Azadegan has studied the ripple effects of supply chain disruption, and how business continuity management combined with risk management capabilities serve to maintain stability during a crisis. And although companies may never have to activate their business continuity plan, by creating it, their communication processes become better aligned. They are more risk aware, which gives them a better chance of surviving in a wide range of circumstances. In other words, greater supply chain resilience positively affects the company’s financial strength.
6. When should a business continuity plan be updated and maintained?
To be effective, a business continuity plan must be a living document. In other words, the BCP should be regularly reviewed and kept up to date to reflect any changing conditions. You never know when adverse events will strike – and you don’t want to be surprised by them when they do.
Maintenance is often managed by a business continuity planning owner, a designated person who decides when to activate and to deactivate the business continuity plan based on clear criteria and procedures.
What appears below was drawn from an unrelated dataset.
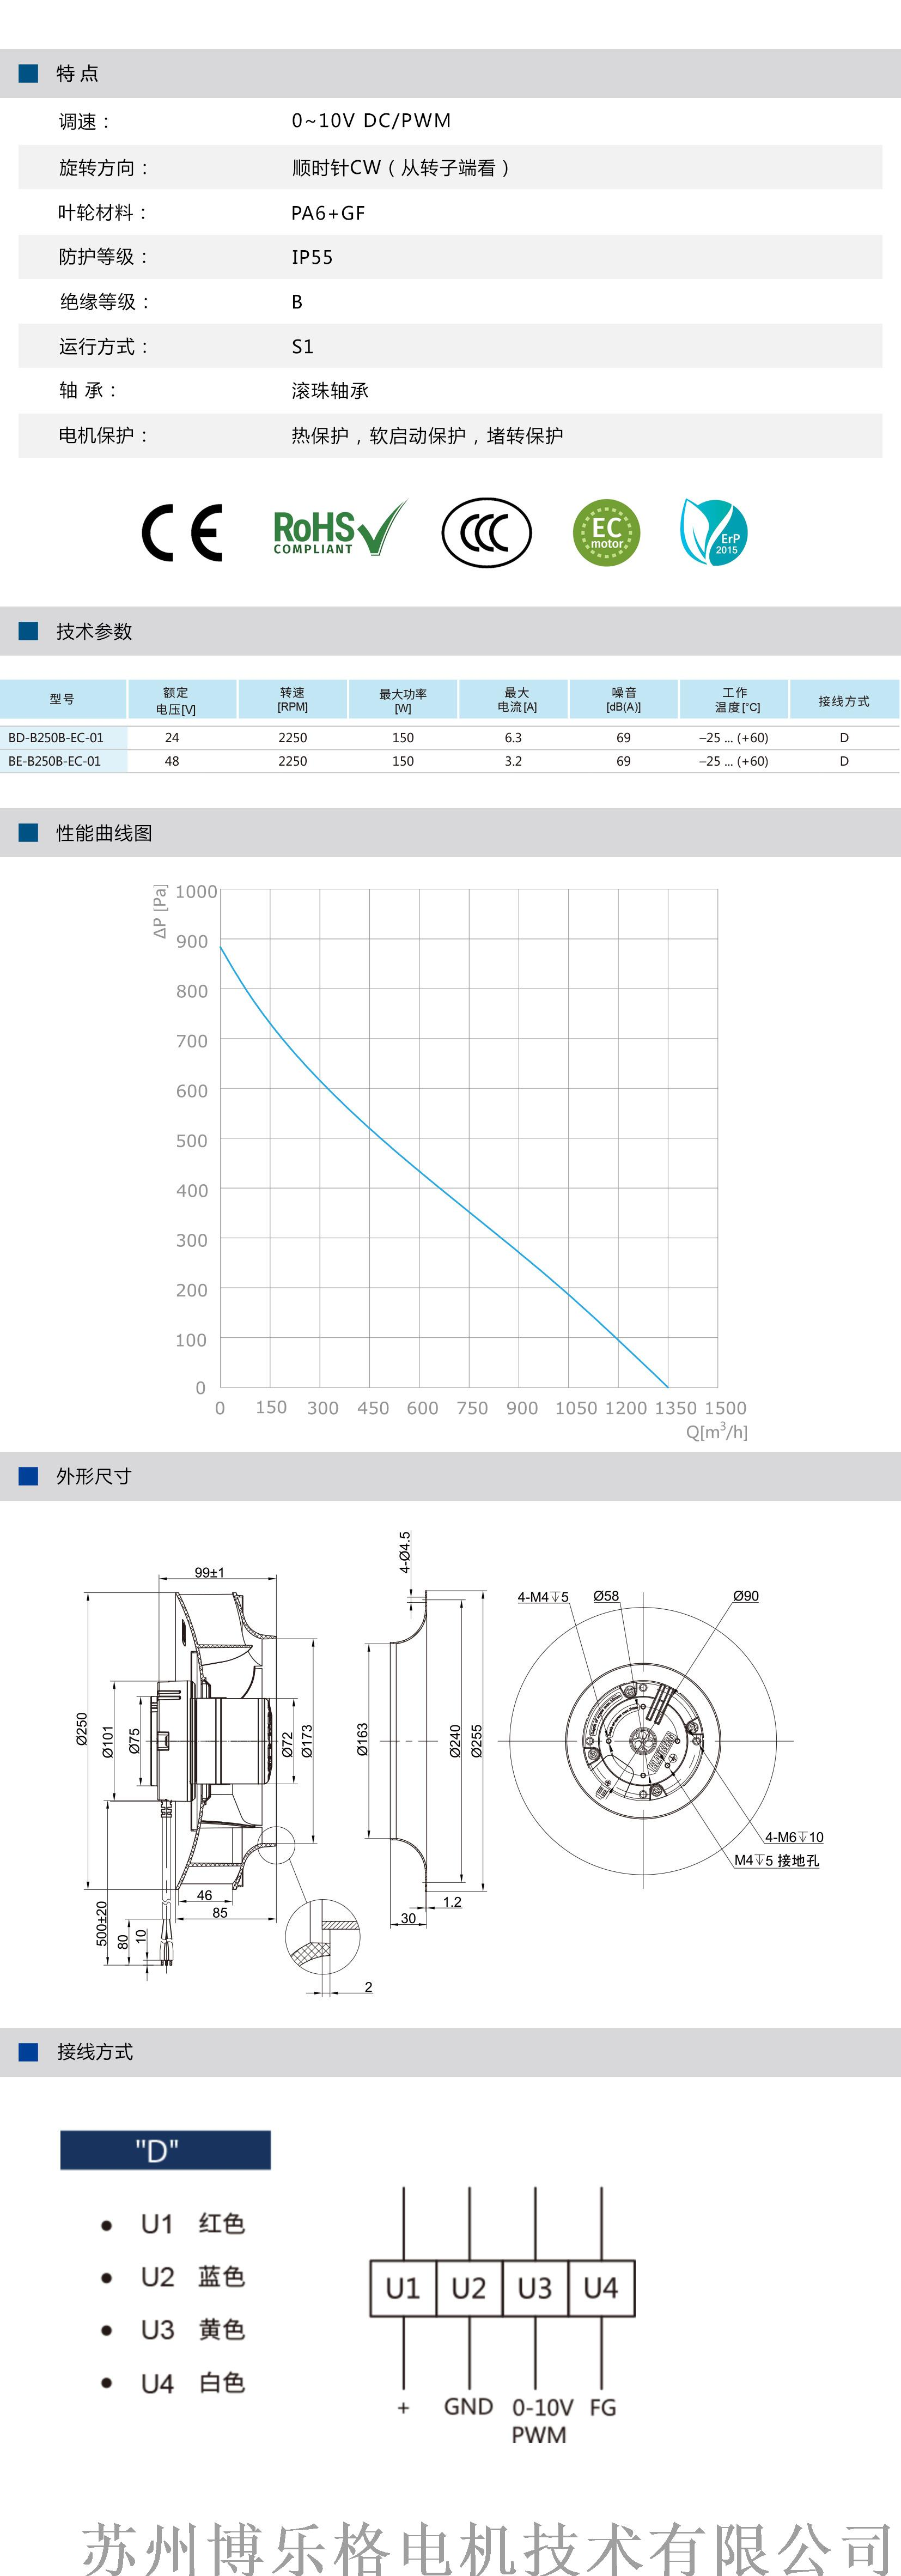 BD-B250B-EC-01.png-2020-07-21-14-00-19-851.jpg

This owner will also decide whether to activate all or part of the plan.
To manage and maintain the program, larger companies will most likely use business continuity planning software, which may integrate with vendor management software, or support the company’s disaster recovery plan (DRP) for its IT-infrastructure and data.
7. What is the difference between a BCP and DRP?
Similar to a business continuity plan, a disaster recovery plan outlines an organization’s response to a natural or man-made disaster. The difference is that business continuity planning includes comprehensive measures, and the disaster recovery plan is basically a subset of these activities. In most companies, these are primarily related to recovery of critical data and IT-infrastructures, because cyber risk is an ever-present threat. At its simplest, disaster recovery planning is continuously maintaining back-ups of your data. This safeguards against cyberattacks, and also ensures business continuity despite any computer bugs that could destroy or corrupt data.
Speaking of bugs, in conclusion, let’s come back to the ants, and consider a simple business continuity plan example from the insect perspective. In a colony, worker ants toil to feed and protect the queen ant. So, they have determined their key business objective. Each ant performs specific duties to guard against different kinds of risk. Some build a warm nest to protect against the cold, and others collect and store food to hedge against scarcity. In this way, the purposeful ant colony is an example of an enterprise that thrives thanks to good risk awareness and business continuity planning.
So, don’t be a grasshopper! Prepare for the future and become risk aware.